This monorepo contains a feature extraction pipeline that runs on the Spark data processing framework, a Scala application that acts as a web client for an instance of the Weaviate vector database, a Java application for consuming an API that provides access to zone files for generic top-level domains, a web application for allowing users to perform similarity search across a dataset consisting of newly registered domain names by querying the vector database, and an application for provisioning the required cloud infrastructure.
- What It Does
- Local Setup
- Directory Structure
- Run Job in Local Development Environment
- Deployment
- Run Job in Production Environment
This is a feature extraction pipeline written in Scala that uses Spark's machine learning library to generate feature vectors for a text corpus consisting of domain names.
If your system runs on the Apple Silicon M1 processor, disable fork safety by adding the following line to your shell initialisation file.
export OBJC_DISABLE_INITIALIZE_FORK_SAFETY=YES
The Hadoop-AWS module requires access to AWS credentials with permission to write data to S3. Access to your credentials can be configured using the AWS CLI by running aws configure
and following the prompts.
To start a local instance of the Weaviate vector database using Docker Compose, paste the Compose specification below into a local docker-compose.yml
file and run the command docker-compose up
from the directory containing the YML file.

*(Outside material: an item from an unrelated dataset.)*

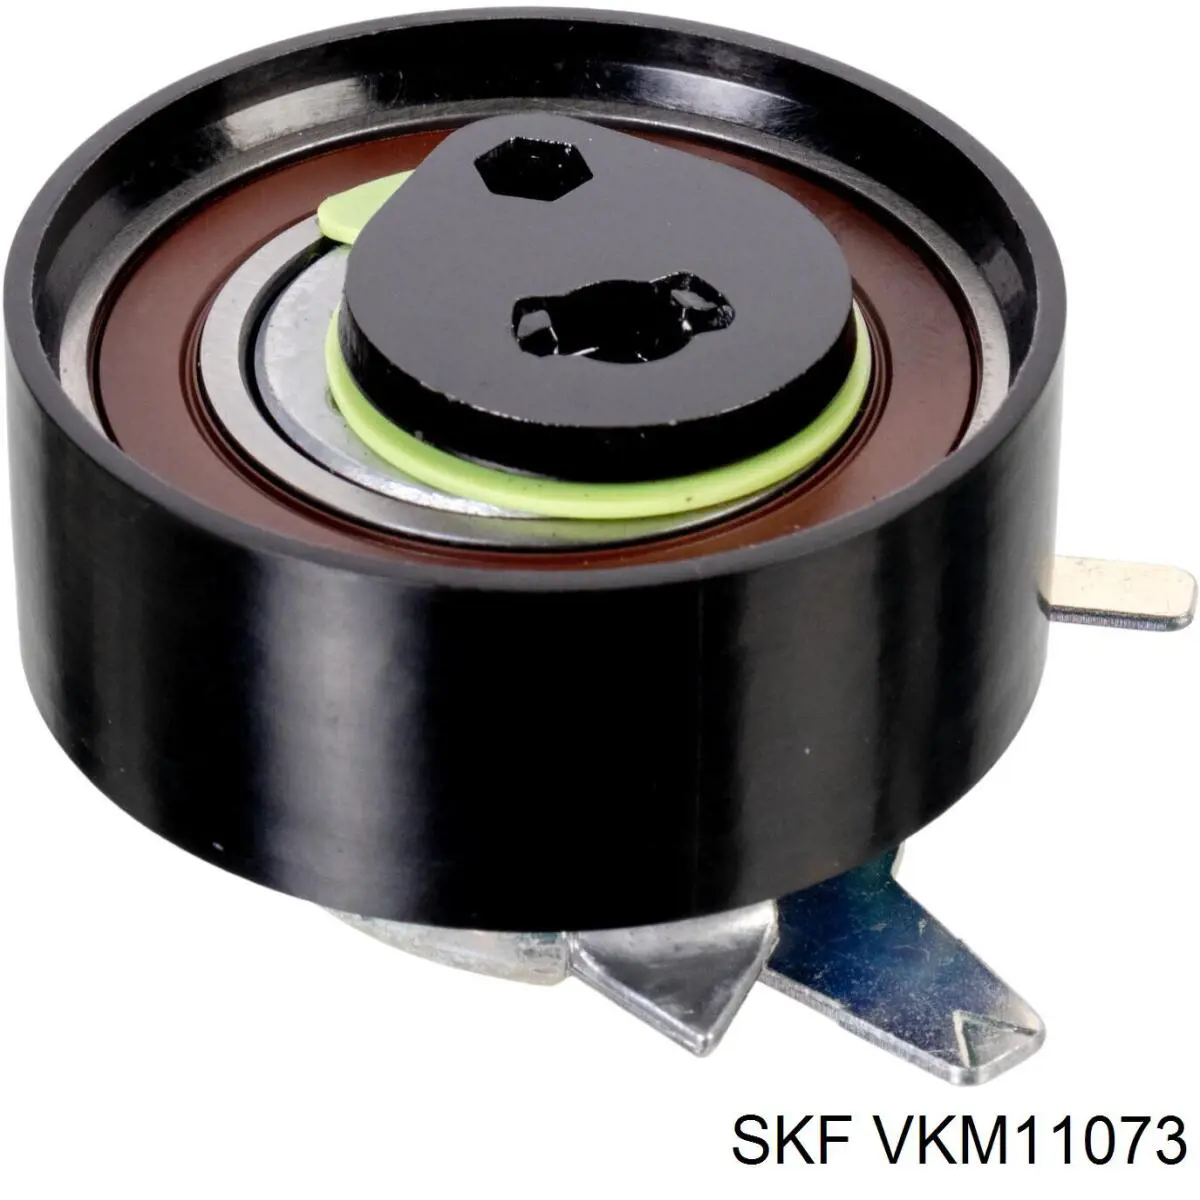 VKM 11073 SKF polea tensora, correa dentada, bomba de alta presión

The database server will be reachable at the hostname localhost:8080
.
version: "3.4"
services:
weaviate:
image: semitechnologies/weaviate:1.14.0
ports:
- 8080:8080
restart: on-failure:0
environment:
QUERY_DEFAULTS_LIMIT: 25
AUTHENTICATION_ANONYMOUS_ACCESS_ENABLED: "true"
PERSISTENCE_DATA_PATH: "/var/lib/weaviate"
DEFAULT_VECTORIZER_MODULE: "none"
CLUSTER_HOSTNAME: "node1"
📦spark
┣ 📂lib
┃ ┗ 📜weaviate-spark-connector-assembly-v0.1.2.jar
┣ 📂project
┣ 📂target
┣ 📂src
┃ ┣ 📂main
┃ ┃ ┗ 📂scala
┃ ┃ ┃ ┗ 📂spark
┃ ┃ ┃ ┃ ┗ 📜DomainNames.scala
┣ 📜.gitignore
┣ 📜Dockerfile
┗ 📜build.sbt
Execute the following command from the spark
directory to launch a Spark session in standalone mode and run the DomainNames
job in the same virtual machine as sbt.
sbt "run <zone-file-uri> <bucket-name> <weaviate-host>"
The placeholder values for the script arguments refer to:
- a path to a TXT file generated by the Zone File Client application documented below;
- the name of an S3 bucket for storing the serialised model that can be accessed using AWS credentials configured for your local environment; and
- the hostname for a local or remote instance of the Weaviate vector database.
An assembly jar containing the project files and dependencies needs to be uploaded to an S3 bucket from where it can be downloaded by the EMR Serverless application when running in production. The AWS CDK app takes care of bundling the source code and uploading the deployment artifact. To deploy the application using the AWS CDK Toolkit, change the current working directory to cdk
and run cdk deploy NameRingersEMRServerlessStack
. See the AWS CDK app section for details of how to set up the AWS CDK Toolkit. The AWS CDK app outputs the ID of the EMR Serverless application created by the CloudFormation stack, the ARN for the IAM execution role, and S3 URIs for the assembly jar and logs folder.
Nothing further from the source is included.